In his most recent paper, "Adaptive Sleep Loss in Polygynous Pectoral Sandpipers", working with colleagues at the Max Planck Institute for Ornithology - Seewiesen, University of Zurich/ETH Zurich and e-obs GmbH in Germany, they showed that male sandpipers are able to maintain high neurobehavioural performance despite greatly reducing their sleeping time during a three-week summer period of intense male-male competition for access to fertile females.

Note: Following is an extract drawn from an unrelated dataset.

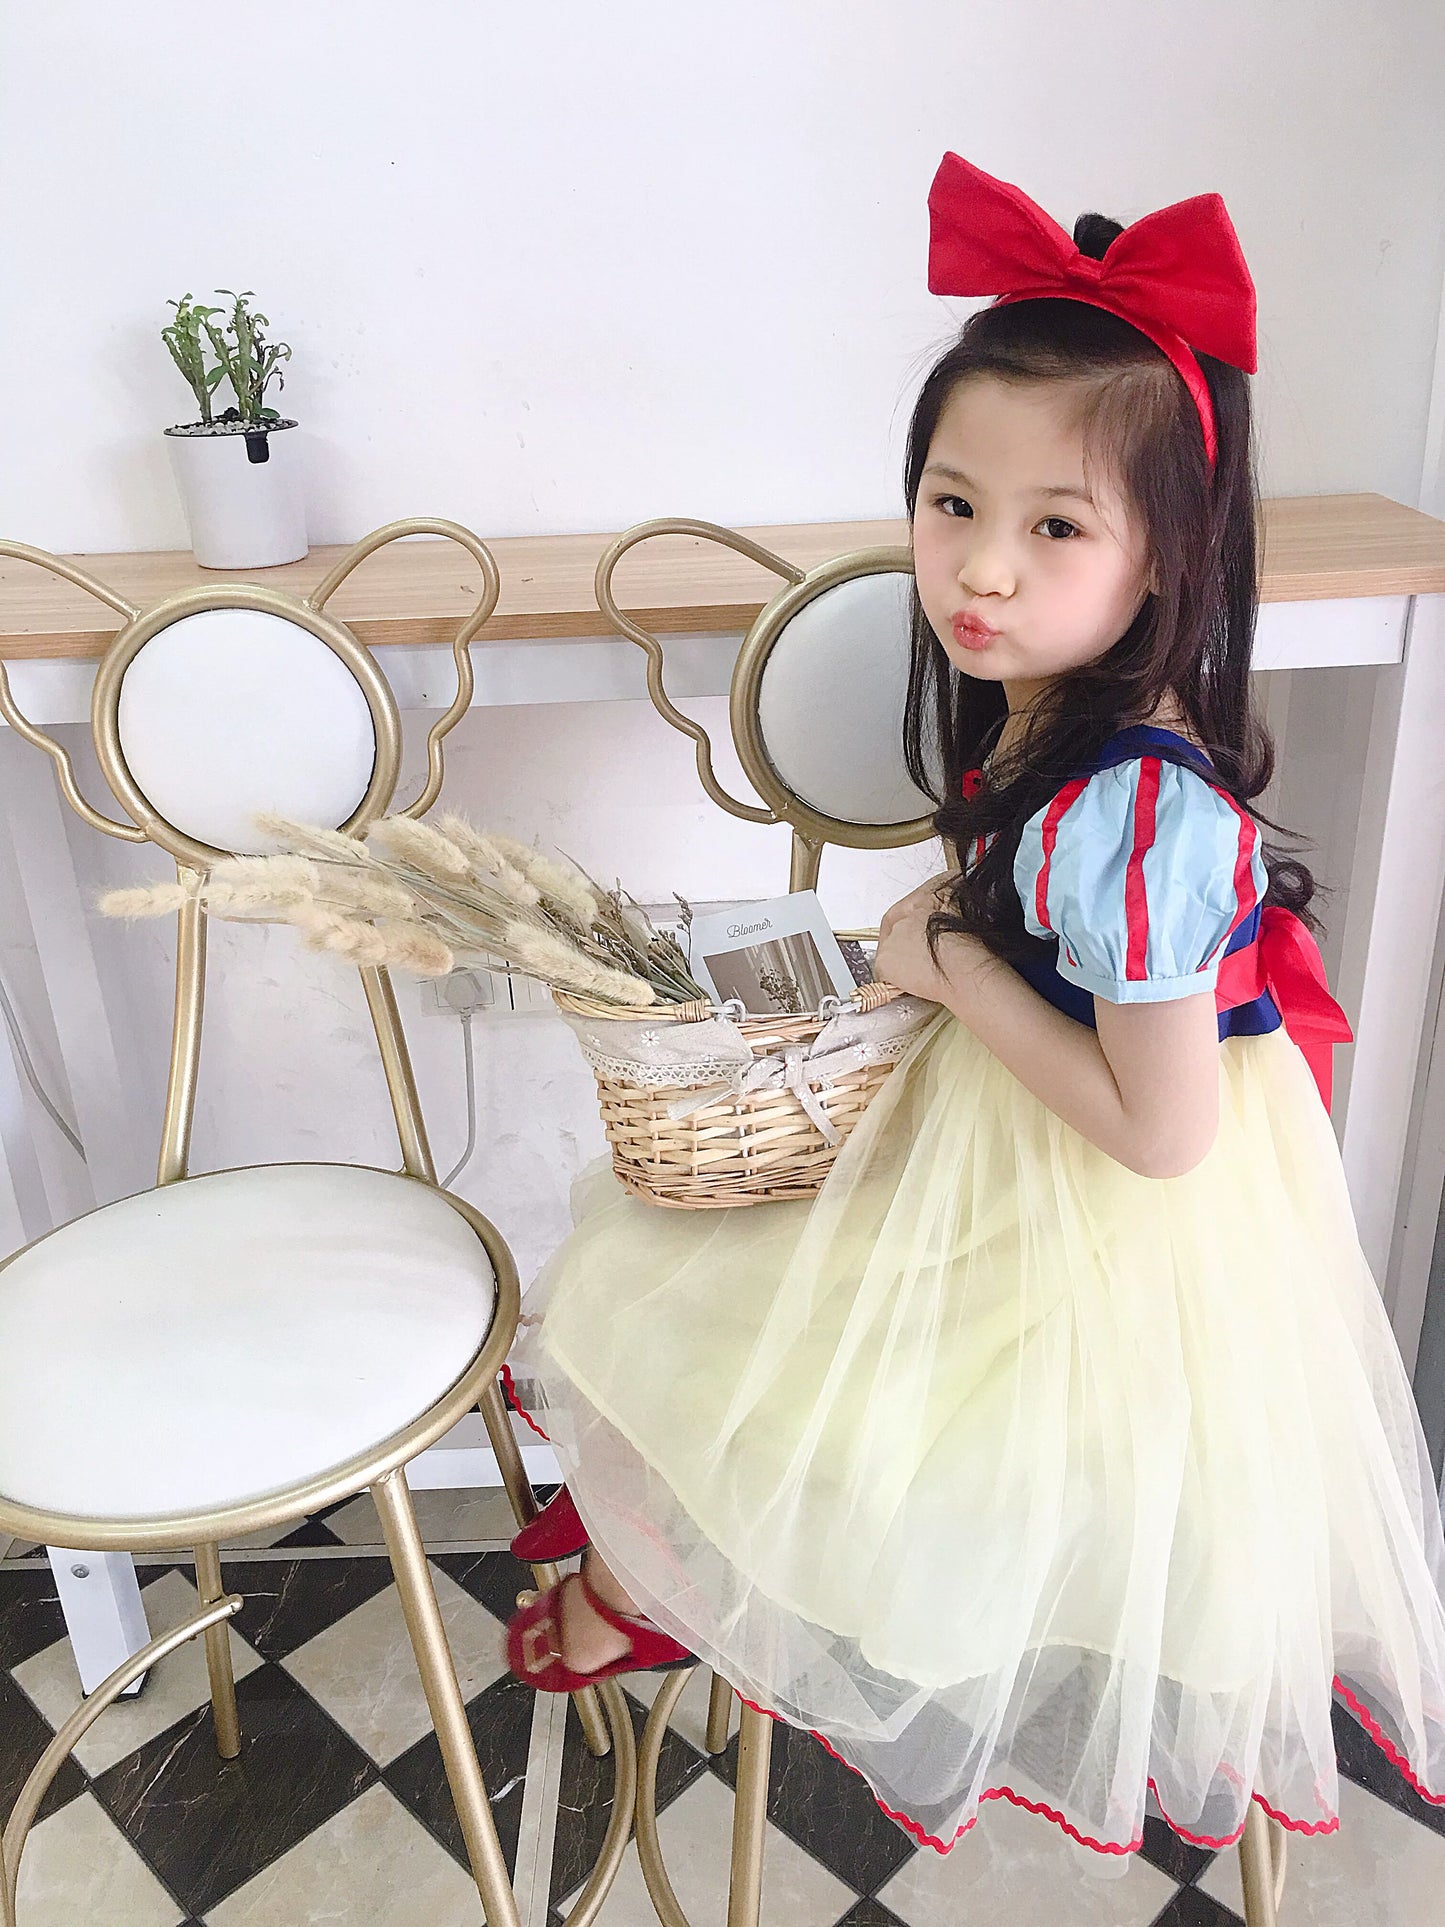 Girl Snow White Dress Summer Kids Short Sleeve Fashionable Princess Dress Girl Tulle Tutu Skirt Birthday Dress

Males that slept the least sired the most offspring.

Dr Lesku said in humans and other mammals, sleep restriction and fragmentation diminish attention, motivation, sensory-motor processing and memory with often adverse consequences for the individual and society.  This suggests that sleep performs essential restorative processes.

However, an alternative view suggests that sleep may simply be a state of adaptive inactivity that conserves energy when activity is not necessary.

In some species, if a promiscuous male is to maximise his reproductive fitness, he must successfully engage in competitive displays and physical fights with other males and in courtship displays with females.  A male's reproductive success is strongly related to the proportion of time he displays territorial or courtship behaviour.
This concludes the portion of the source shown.